# Neat idea for an old wedding dress



## Pumpkin5 (Aug 8, 2010)

:jol: Hey Peeps! I thought this was a cool idea for an old wedding/prom dress that you may have, or can find at Goodwill. My sister found it on Etsy and sent it to me. You could do it any color you like, purple, black, blue...
Very cool look.
















(Looks like they used those flat, glow in the dark skeletons and just spray painted the dress with the skeleton laying on the dress, but you could also use painter's tape...the skeleton would be quicker...)


----------



## Hairazor (Mar 13, 2012)

Too cool!


----------



## scareme (Aug 29, 2006)

I love this! How could I have missed this? It's beautiful.


----------



## Headless (Sep 4, 2011)

^ What scareme said - that's awesome!


----------



## Copchick (Apr 10, 2012)

Love that! I would wear that on my wedding day.


----------



## BillsThrills (Jun 12, 2017)

Wow, this is amazing. I could see some of my "edgy" teenage cousins wanting to wear this in school though!


----------



## BunchOfHocusPocus (May 23, 2012)

Wow, that's awesome! I love the colors that you used!


----------



## Pumpkin5 (Aug 8, 2010)

TheScary_Jackolantern said:


> Wow, that's awesome! I love the colors that you used!

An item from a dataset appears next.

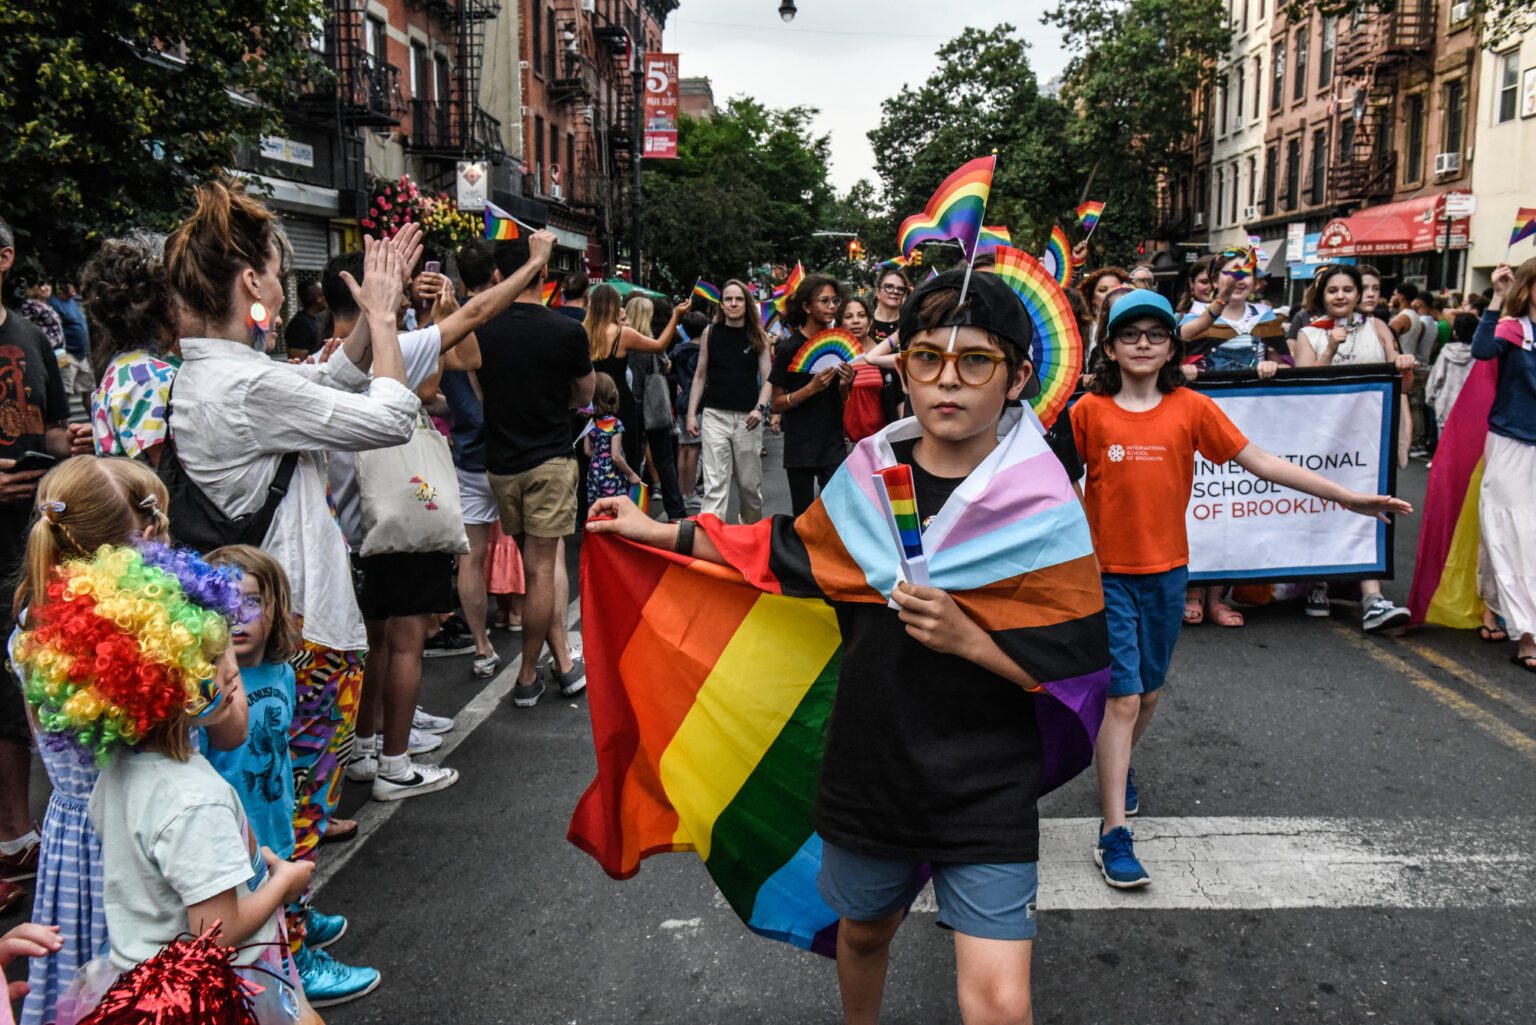 Scenes from the 2023 Brooklyn Pride Parade in Park Slope Brooklyn

:jol:Thanks, but this is not mine, just an idea my sister found on Pinterest and sent to me.


----------



## trishaanne (Aug 20, 2005)

I have 6 old wedding gowns upstairs in a box. Since this is our last haunt, I may give this a try on one of them. Great idea. I've worn my wedding dress every year since we got married. It's been my costume in our haunt for 15 years, been at 4 Halloween parties and 3 zombie walks!


----------



## CAMILWAMMY (Jul 23, 2019)

I love this!! I bought a second hand dress about a year ago and have been trying to come up with something to use it for.. This just might win, thanks for sharing!


----------



## Dr. Maniaco (Sep 7, 2012)

It's pretty awesome ... but I'd never wear it ... 


... in public.


----------



## RoxyBlue (Oct 6, 2008)

^LOL, you are such a doof!:jol:


----------



## stick (Jan 21, 2009)

Dr. Maniaco thanks for the laugh this morning.


----------